═══ SUPPLIED ENTRIES ═══
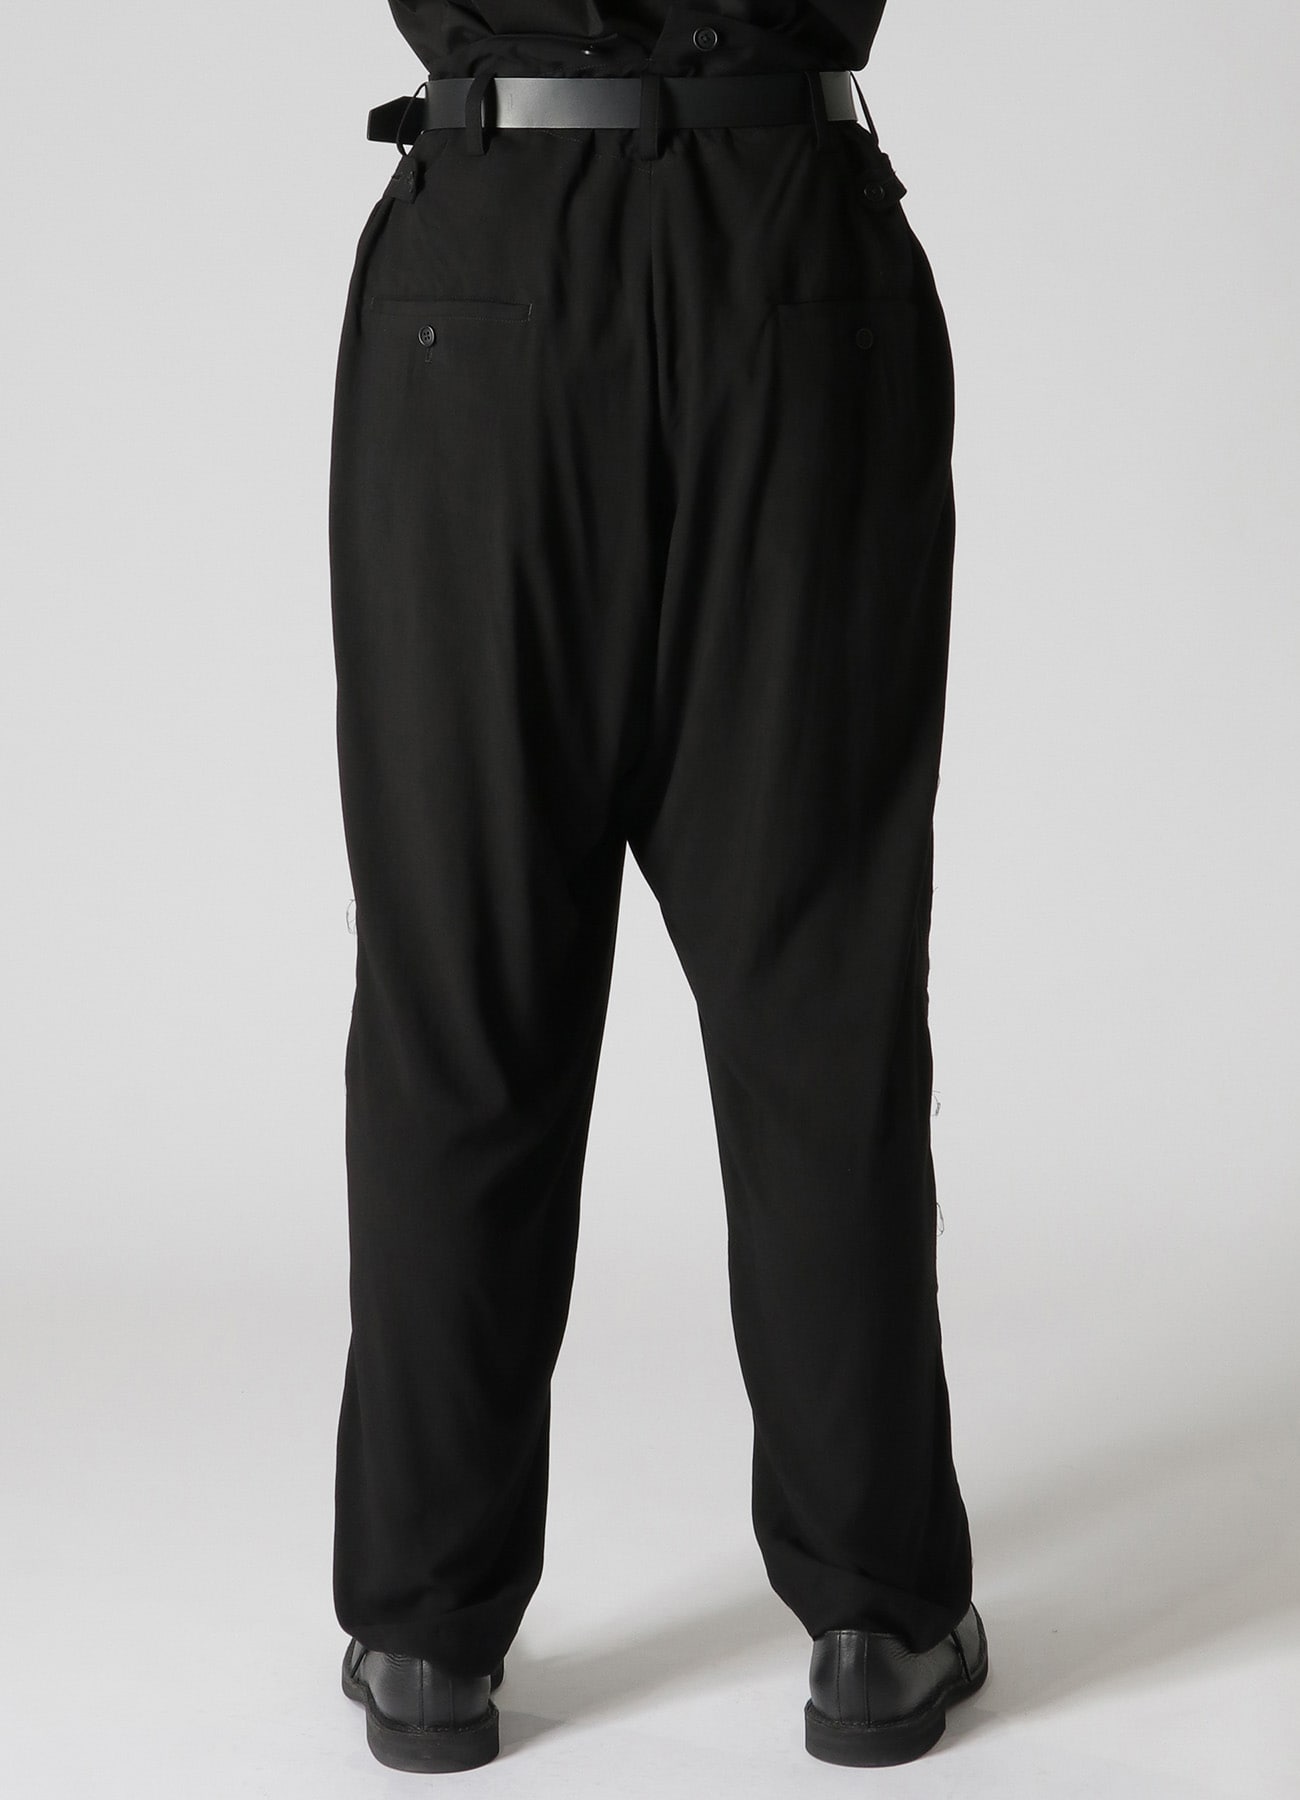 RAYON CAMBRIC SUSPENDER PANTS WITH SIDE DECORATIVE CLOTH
═══
═══ SUPPLIED ENTRIES ═══
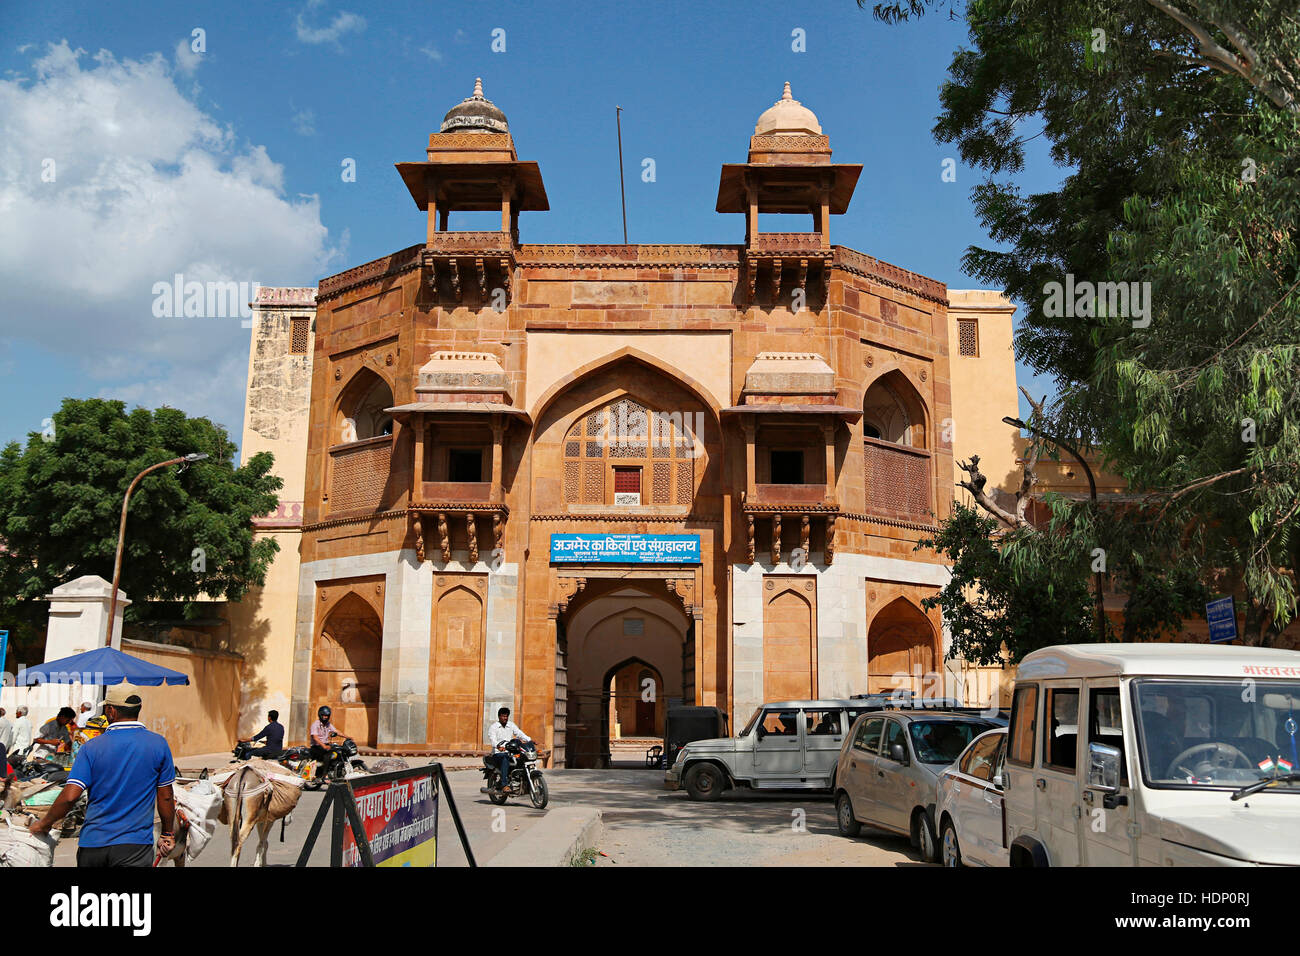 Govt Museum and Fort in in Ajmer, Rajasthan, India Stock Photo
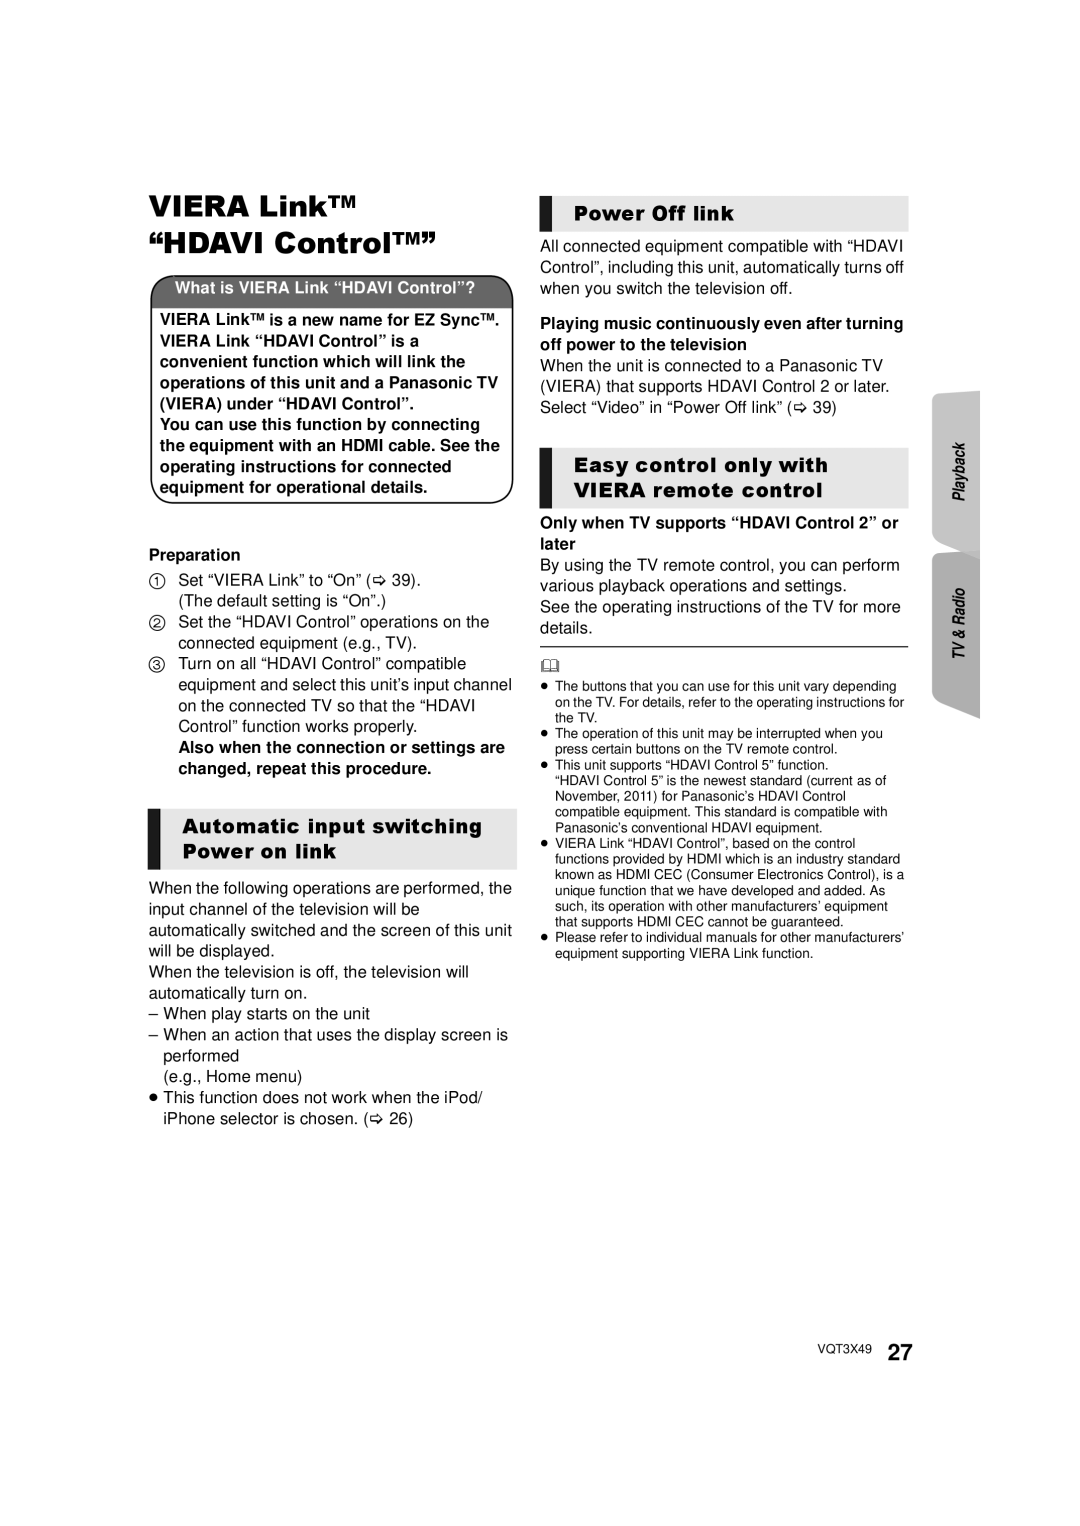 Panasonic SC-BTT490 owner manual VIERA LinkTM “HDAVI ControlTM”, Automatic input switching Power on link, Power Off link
═══
═══ SUPPLIED ENTRIES ═══
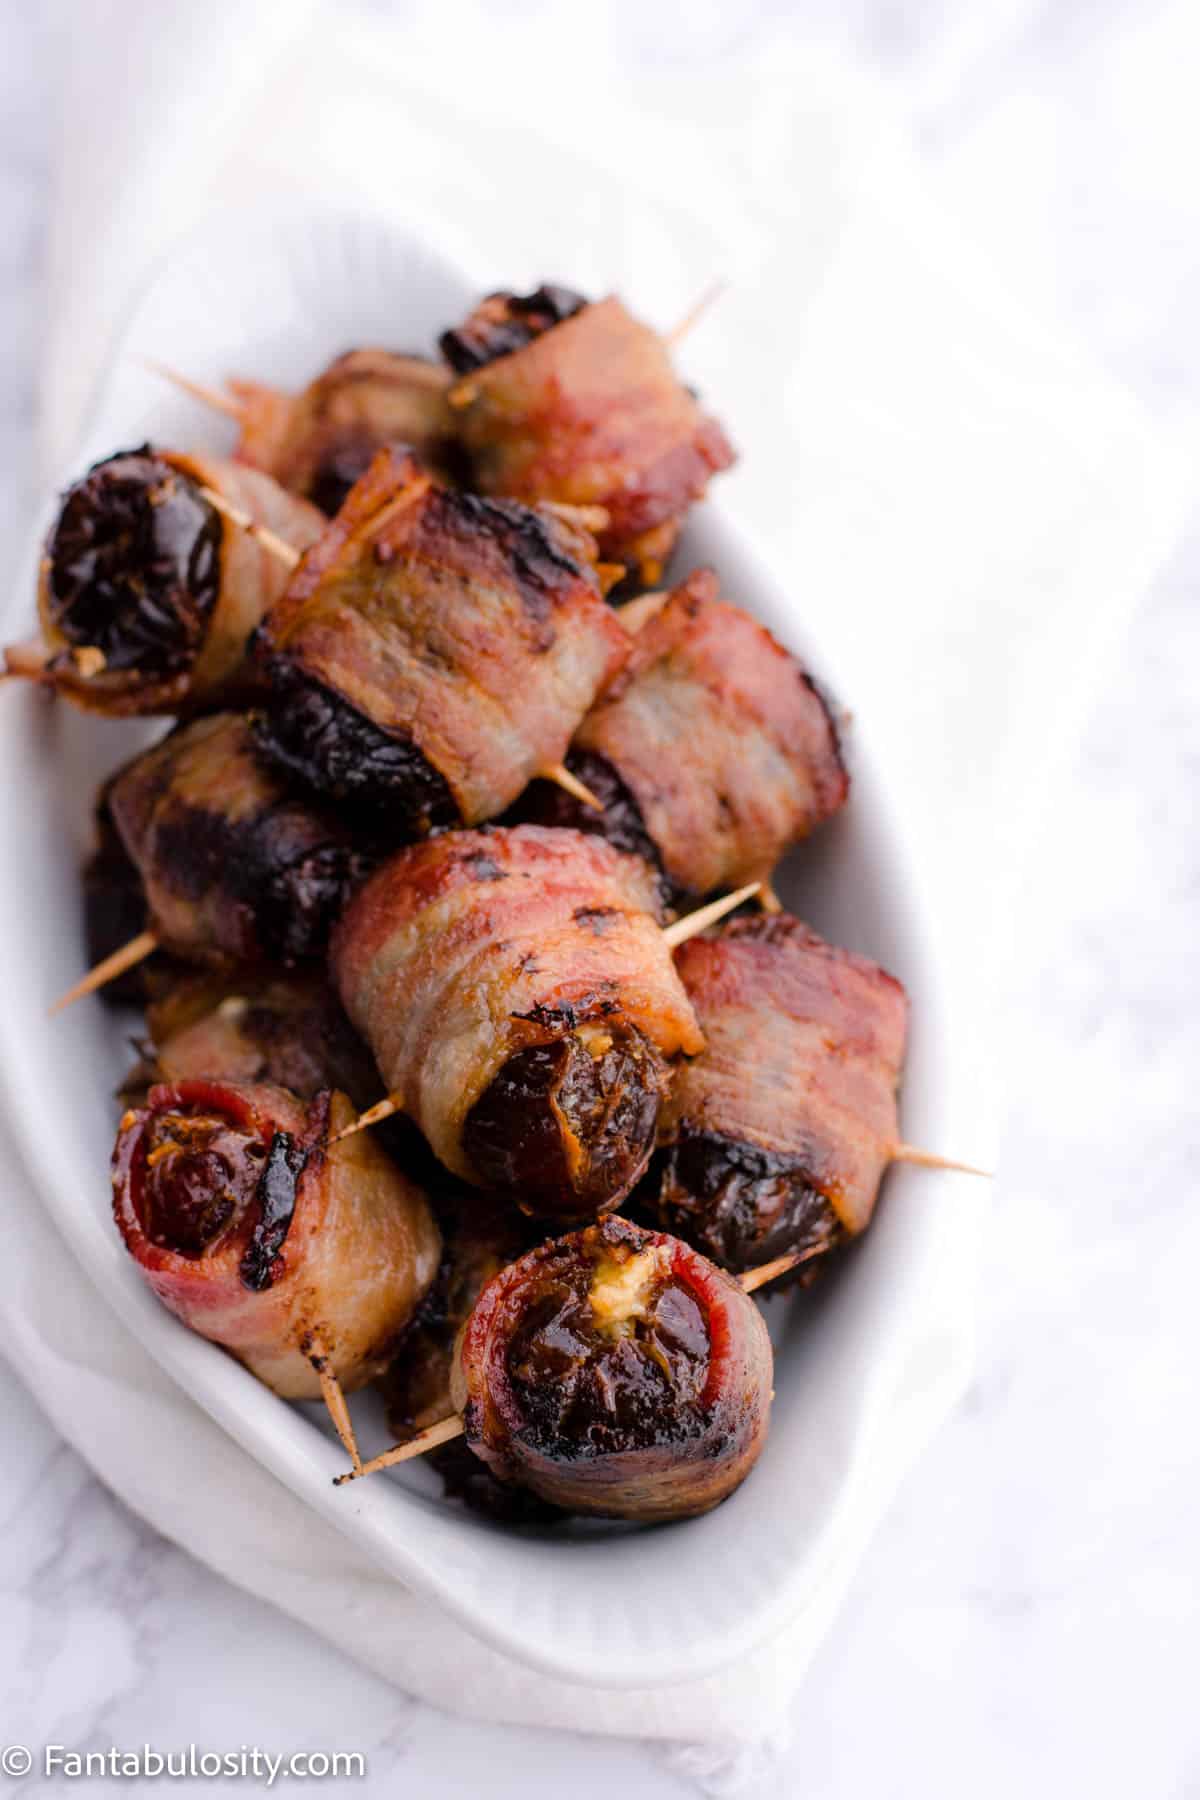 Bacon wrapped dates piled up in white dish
═══
## [DIRECTIONS FOR THIS TASK]
Copy exactly, without pictures, the lines above from the one with "Govt Museum and" down to the one with "Panasonic SC-BTT490 owner", inclusive.

## [SOLUTION TO THIS TASK]
 Govt Museum and Fort in in Ajmer, Rajasthan, India Stock Photo
 Panasonic SC-BTT490 owner manual VIERA LinkTM “HDAVI ControlTM”, Automatic input switching Power on link, Power Off link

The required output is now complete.